The lecturers have just been paid their salary for April, a delay of two months. The recent upheavals have meant that salaries have seen some extraordinary readjustments. People who were formerly paid the equivalent of five dollars a month (they were always badly paid, but after the Gulf War and the international embargo salaries reached rock bottom) have now received 250 dollars. However, the Rector has already announced to them that this will be cut back next month to 165 dollars. Nobody knows the reasons for these arbitrary rises and falls, or how long this fickle system, which reflects the chaotic economy of the country, will last. The only thing that is clear is that Iraqi university teachers find it very difficult to live on what they earn, which is why so many of them go to teach in Libya, Jordan or the Gulf Emirates, where the salaries are high.
It is a pleasure to talk to the head of the Languages Faculty, the stout, curly-haired and exuberant Dr Dia Naf
i Hassan, a specialist in Russian literature and language and an expert on Chekhov and Turgenev.

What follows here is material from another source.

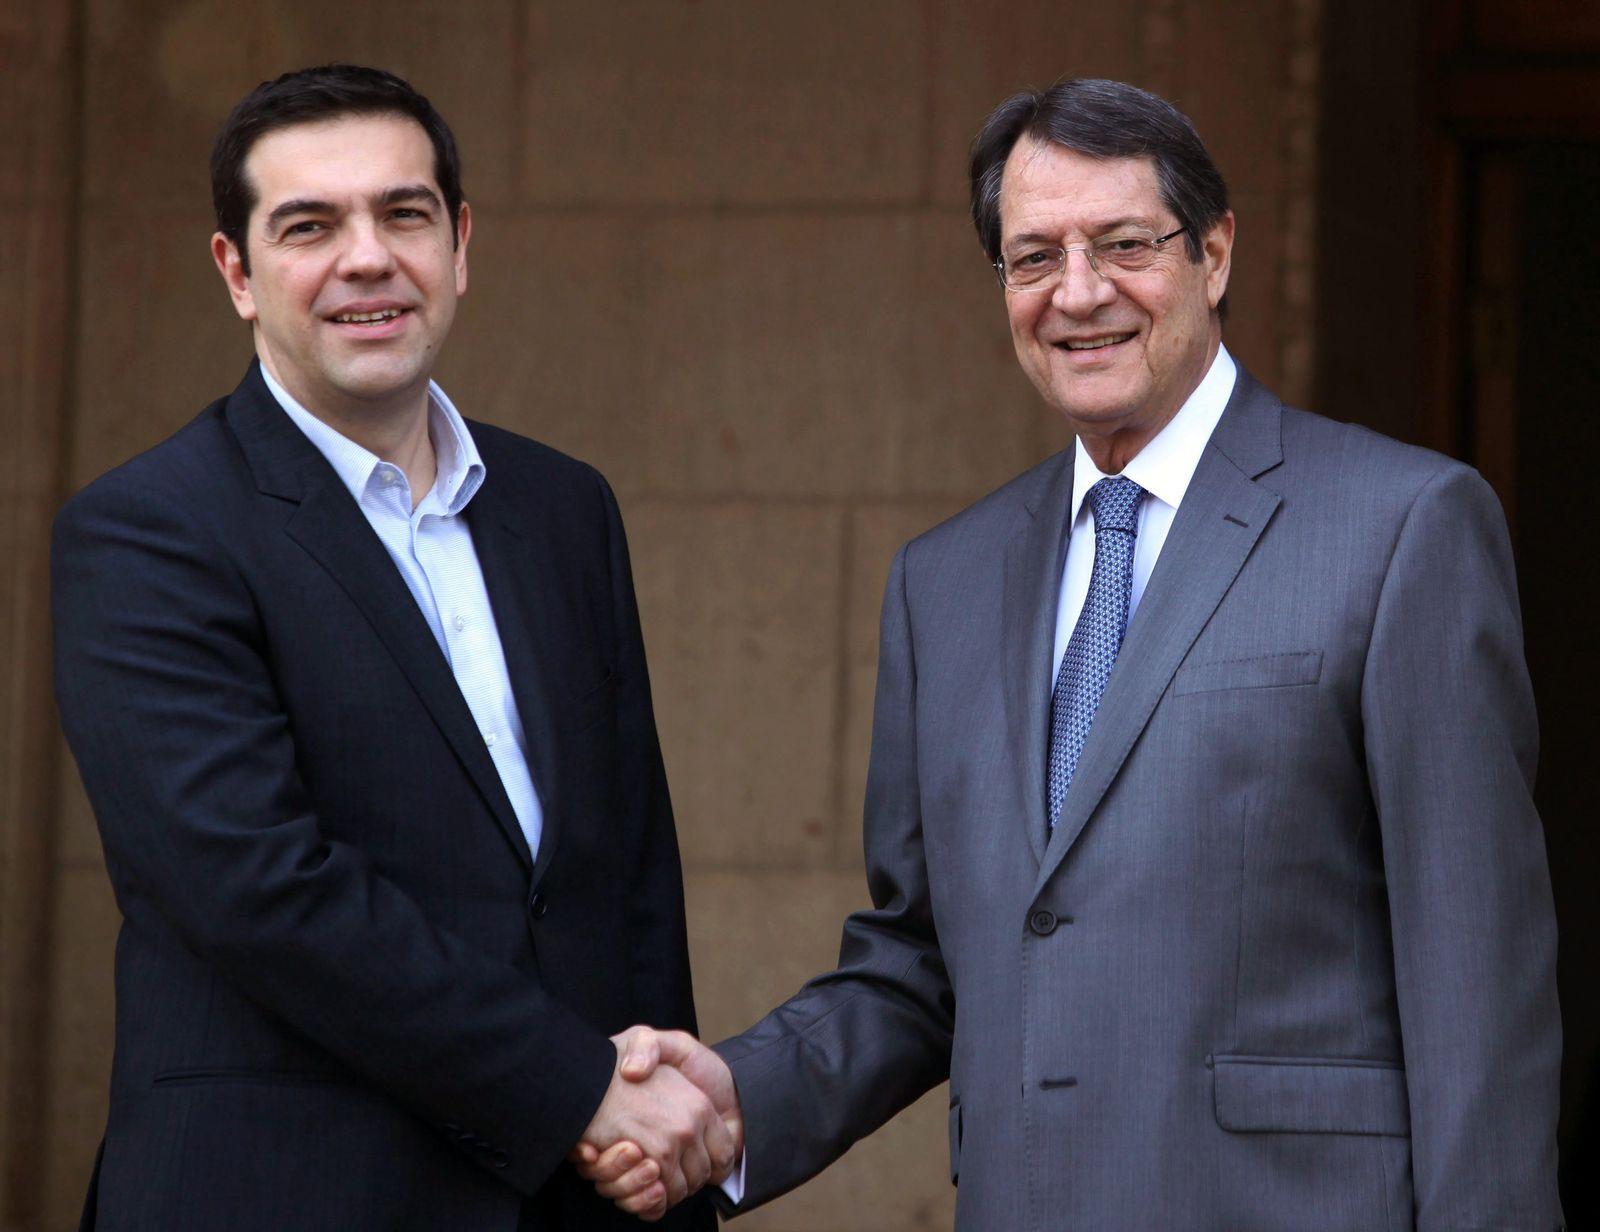 Tsipras / Anastasiadis
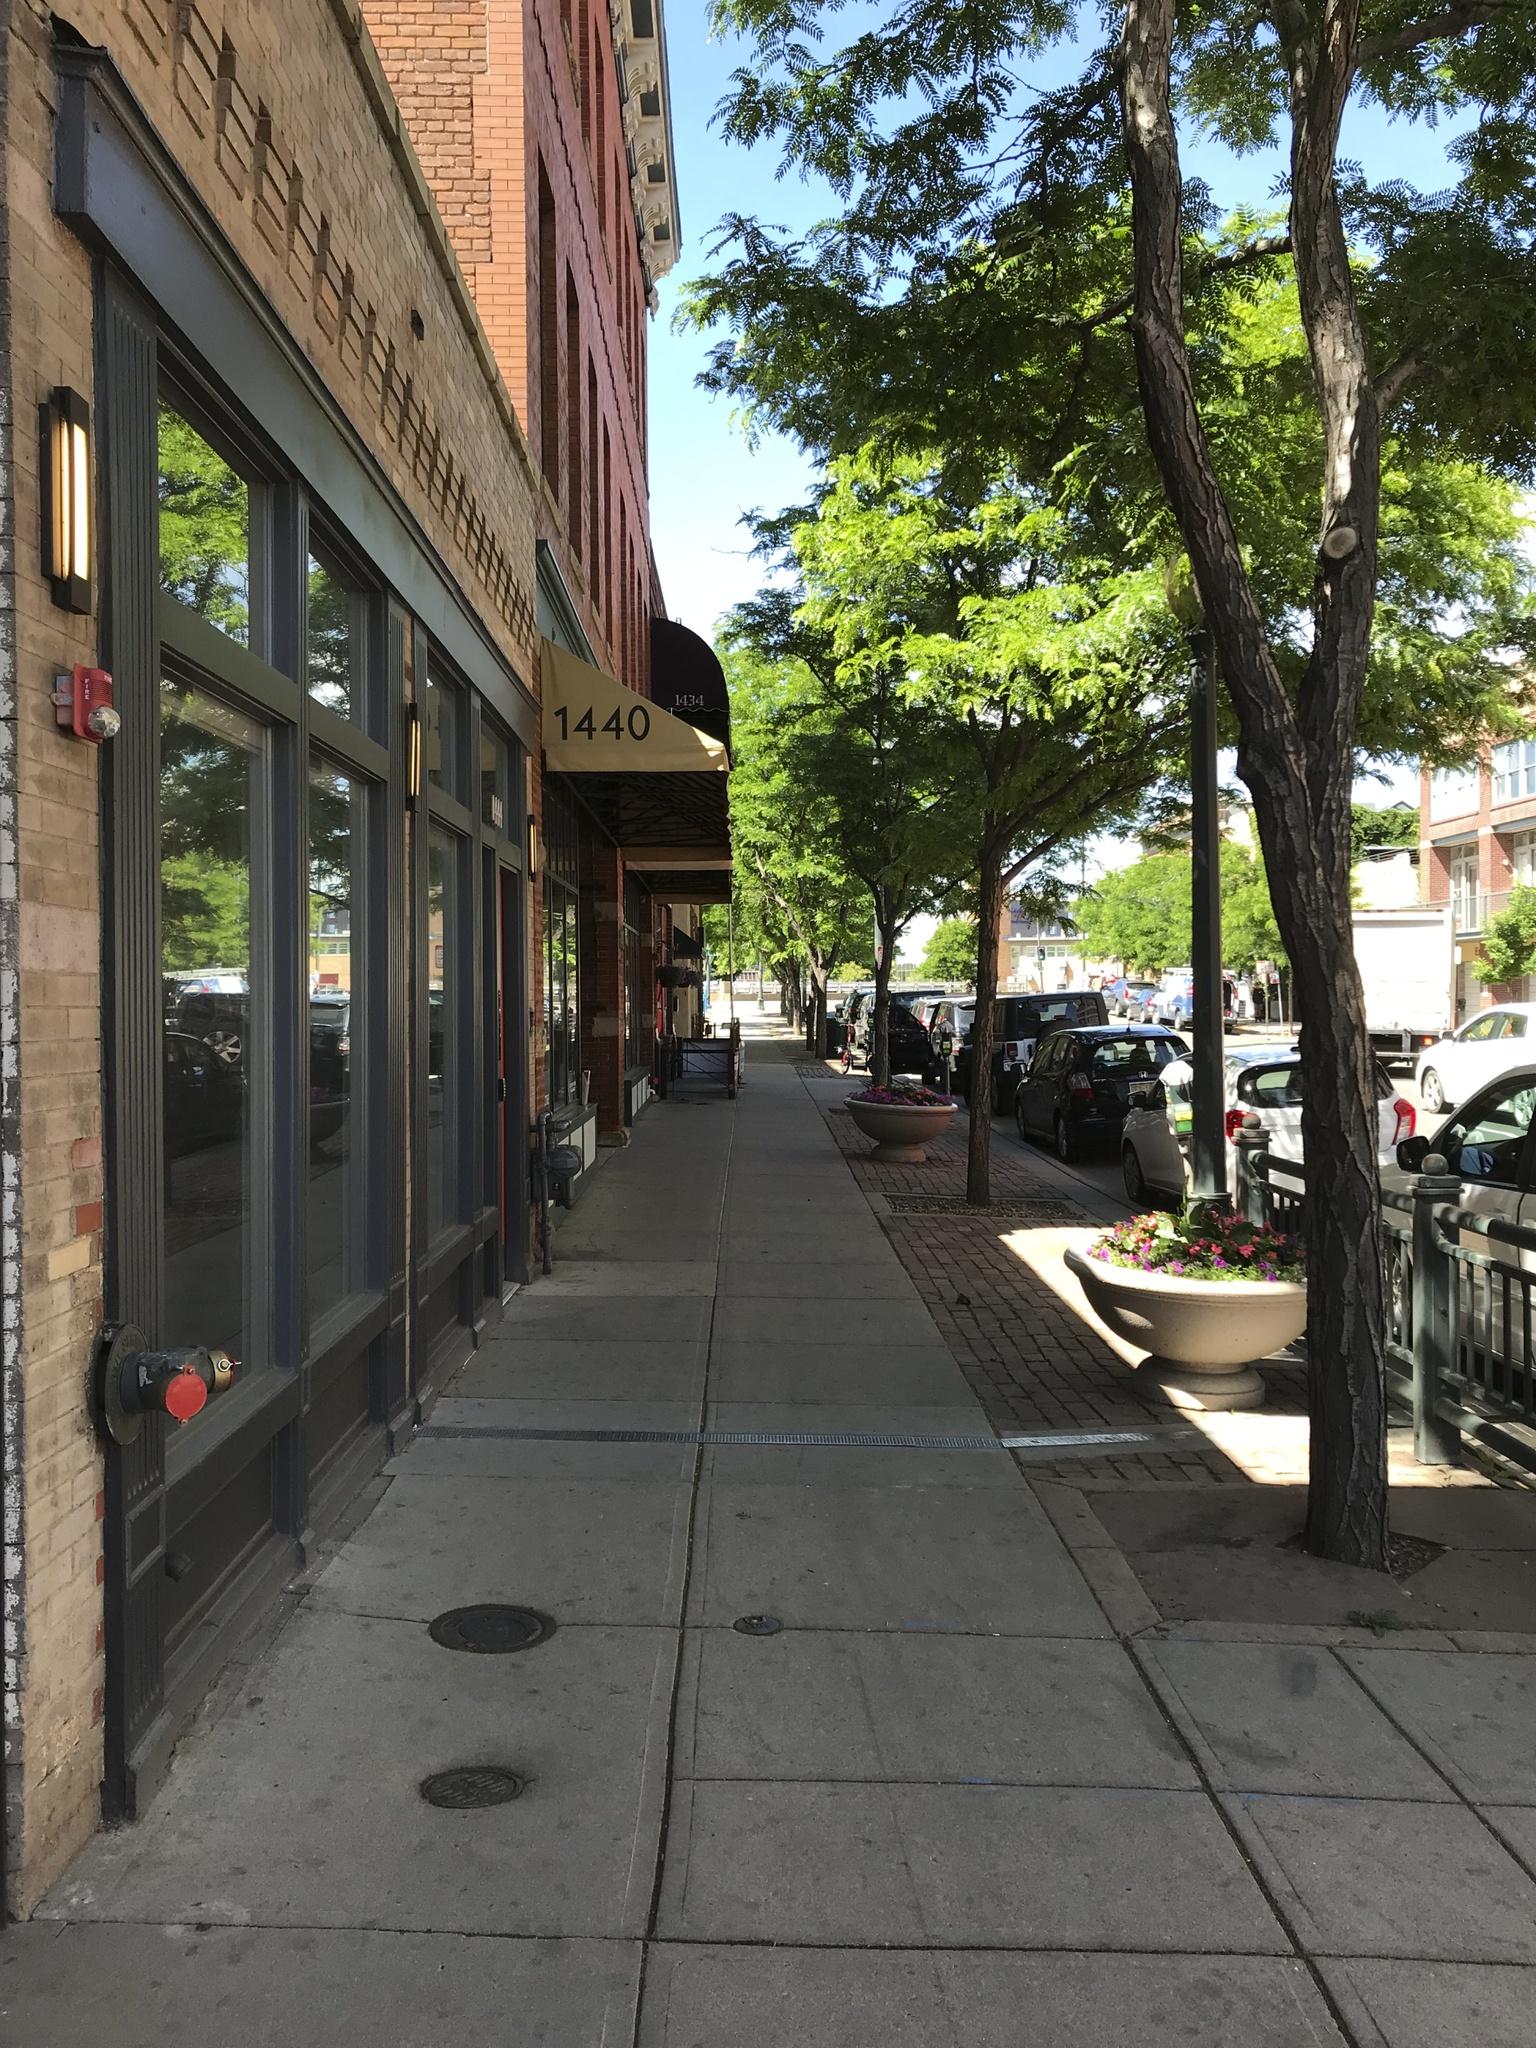 1440 Blake Street, Unit 150

His office is an oven, and is practically empty because everything in this university – in the five Baghdad universities – was looted and burned when the dictatorship fell on 9 April, so they do not have ventilators, desks, chairs, computers, filing cabinets or books. The walls are blackened, the windows and window-panes are broken, and there are no tiles on the floor of the corridors and stairs. Perhaps worst of all, they have no records of student enrolments, grades and files because they have all been burned. ‘Like all institutions, the University of Baghdad has returned to a virginal state,’ the Dean jokes. But this hurricane of barbarism which devastated the university, like the Huns of Tamerlane, ‘the sons of hell’, who devastated ancient Mesopotamia, indifferent to the civilisation that produced the artistic and intellectual marvels of Nineveh and Babylon, seems not to have made the slightest dent in the good humour and optimism of the colleagues and students of Dr Dia Nafi Hassan, who tells me excitedly that, as a forerunner of what would soon be happening throughout Iraq, the University of Baghdad had undertaken to implement a democratic system. There had been recent elections, and here, in the Faculty, he had been elected Dean with forty-two of the fifty-three votes cast. He is proud of the legitimacy of his mandate. His enthusiasm seems to be shared by the other members of staff present.